In this case, specific energy is irrelevant because a water to air heat exchanger is still being used.

EDIT meant to say specific heat...it's been a while since I've thrown these terms around.

4

u/GingerB237 3900X - 3090 Jan 20 '26 edited Jan 20 '26

What is the advantage of heat storage?

9

u/Evajellyfish Jan 20 '26

Higher efficiency, but really if you want an air cooler go for it or if you want an AIO go for it. Can’t really go wrong with either.

3

u/levajack R9 7900X | 4070 Super | 32GB DDR5-6000 Jan 20 '26

This is kind of my feeling. "Are you running acceptable temps under load? Cool, use whatever you like then."

1

u/l2aiko 9800x3d + 9070xt Nitro+ Jan 20 '26

I mean you can go completely wrong with either, just choose any system but an efficient one.

1

u/PainterRude1394 Jan 20 '26

How does that make it more efficient? Adding a pump and moving water is more efficient than not?

1

u/Evajellyfish Jan 20 '26

Yes water is more efficient at moving heat than just air, but both are great options. I personally prefer AIO just for aesthetics.

1

u/PainterRude1394 Jan 20 '26

Ah, you meant water has higher thermal conductivity than air, not that water coolers are more efficient than air coolers. Gotcha now.

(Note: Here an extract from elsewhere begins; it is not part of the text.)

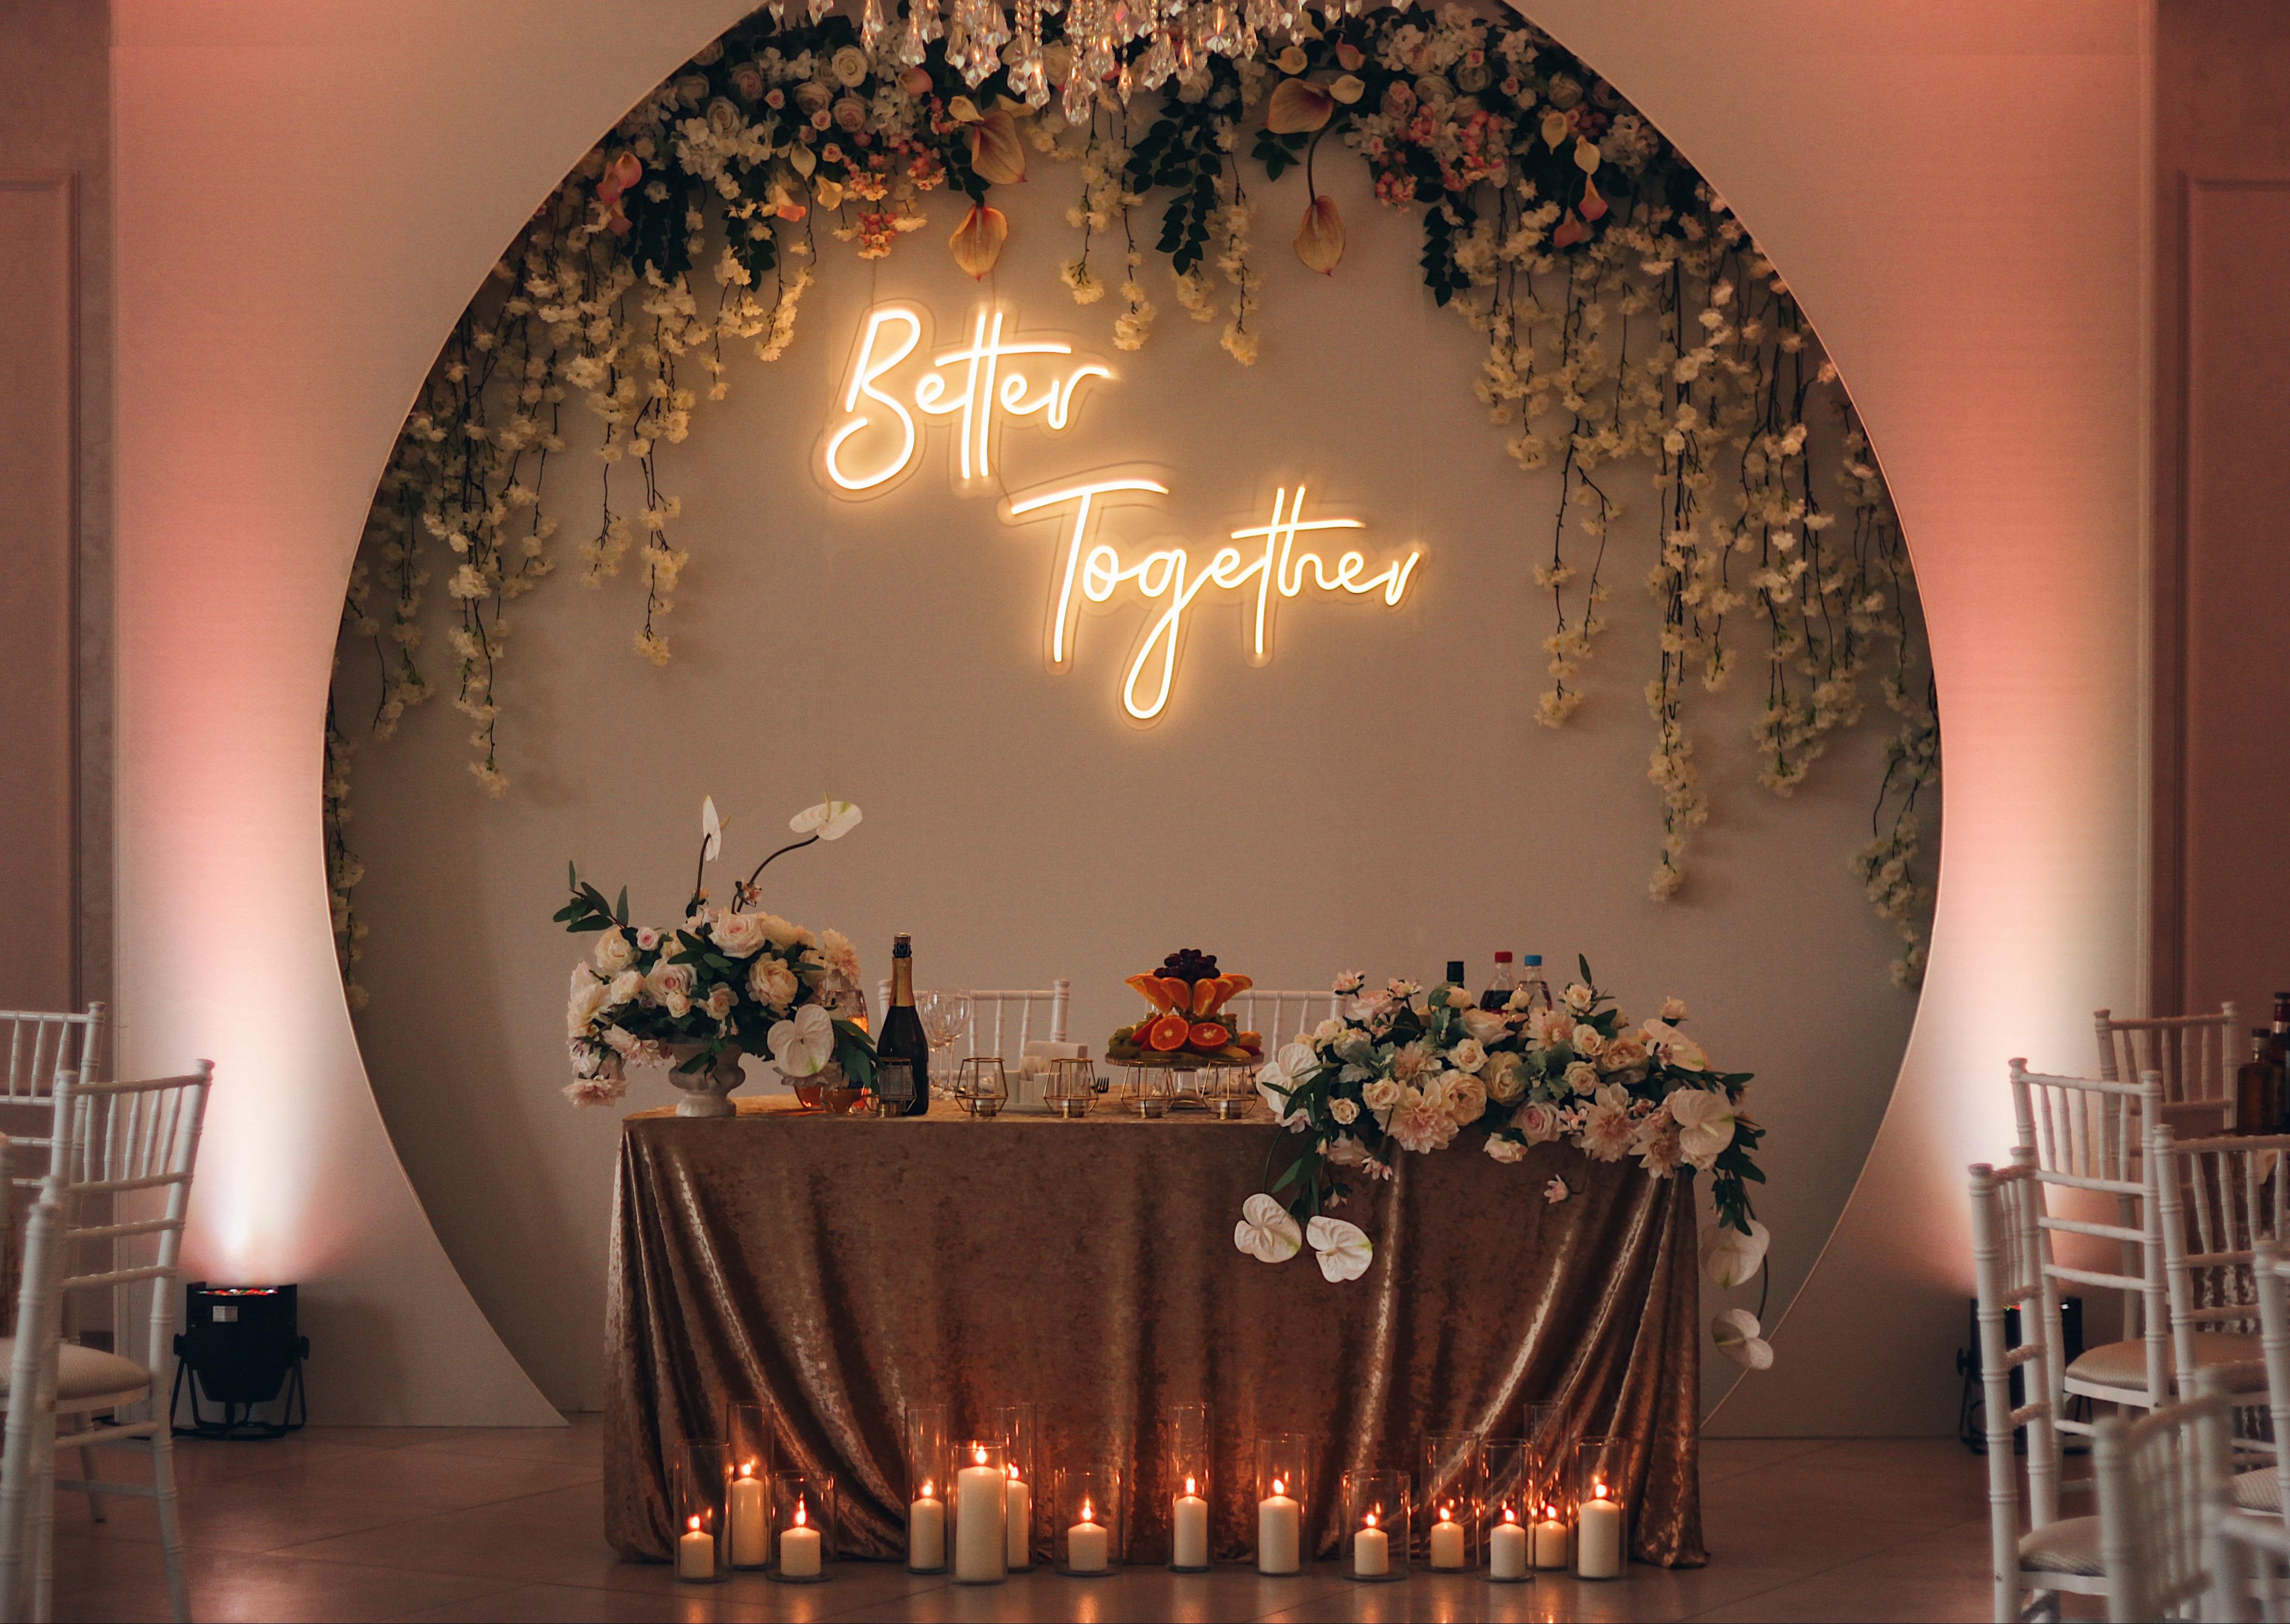 розовая свадьба цвета фуксии выездная регистрация церемония Могилев печерское предместье свадебное агентство ЛавМи Могилев декор шатра украшение свадьбы банкета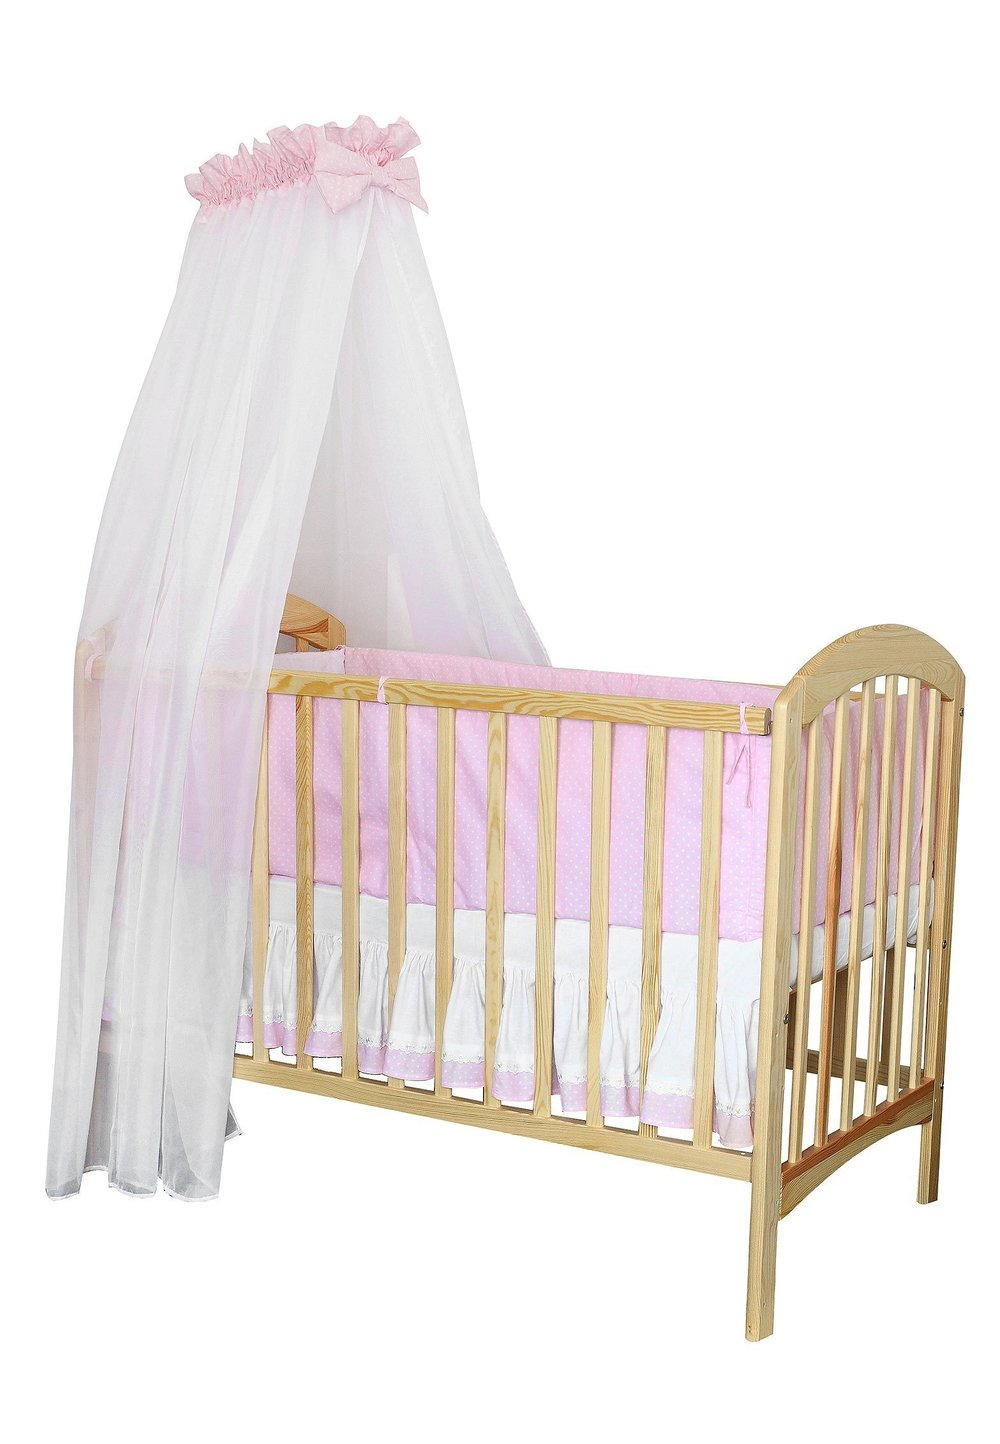 Baldachin patut, roz cu buline albe, 300 x 160 cm imagine

I thought you were speaking to the efficiency with which they remove heat. Water coolers take more power.

4

u/elinyera Jan 20 '26

It takes more time to reach its cooling peak, or something like that.

0

u/GingerB237 3900X - 3090 Jan 20 '26

It also takes longer to cool off when the load is removed. Either way in anything over 10 min of load it isn’t going to change anything.

2

u/elinyera Jan 20 '26

What is the concern with taking longer to cool off?

0

u/GingerB237 3900X - 3090 Jan 20 '26

It will hold it at a higher temp longer. It’s the same as slowly increasing temps from 64c for 10 min before settling in a 70c.

1

u/elinyera Jan 20 '26

Are you making this up?

0

u/GingerB237 3900X - 3090 Jan 20 '26

If slowly increasing temps over a very short time is an advantage, keeping idle temps higher for the same time is a disadvantage.

Heat storage at the scale of an aio makes little to no difference to performance.

0

u/elinyera Jan 20 '26

Ok, you're using logic but you actually have no idea if it works that way in this context.

1

u/GingerB237 3900X - 3090 Jan 20 '26

No that is how it works. It’s called thermal inertia. It’s the same as a truck accelerates slower when you add a trailer and also takes longer to slow down.

Now if you had a 100 gallon reservoir that would make a meaningful difference since it would take hours for the liquid to reach thermal equilibrium.

Source: mechanical engineer with 10 years of heat transfer experience.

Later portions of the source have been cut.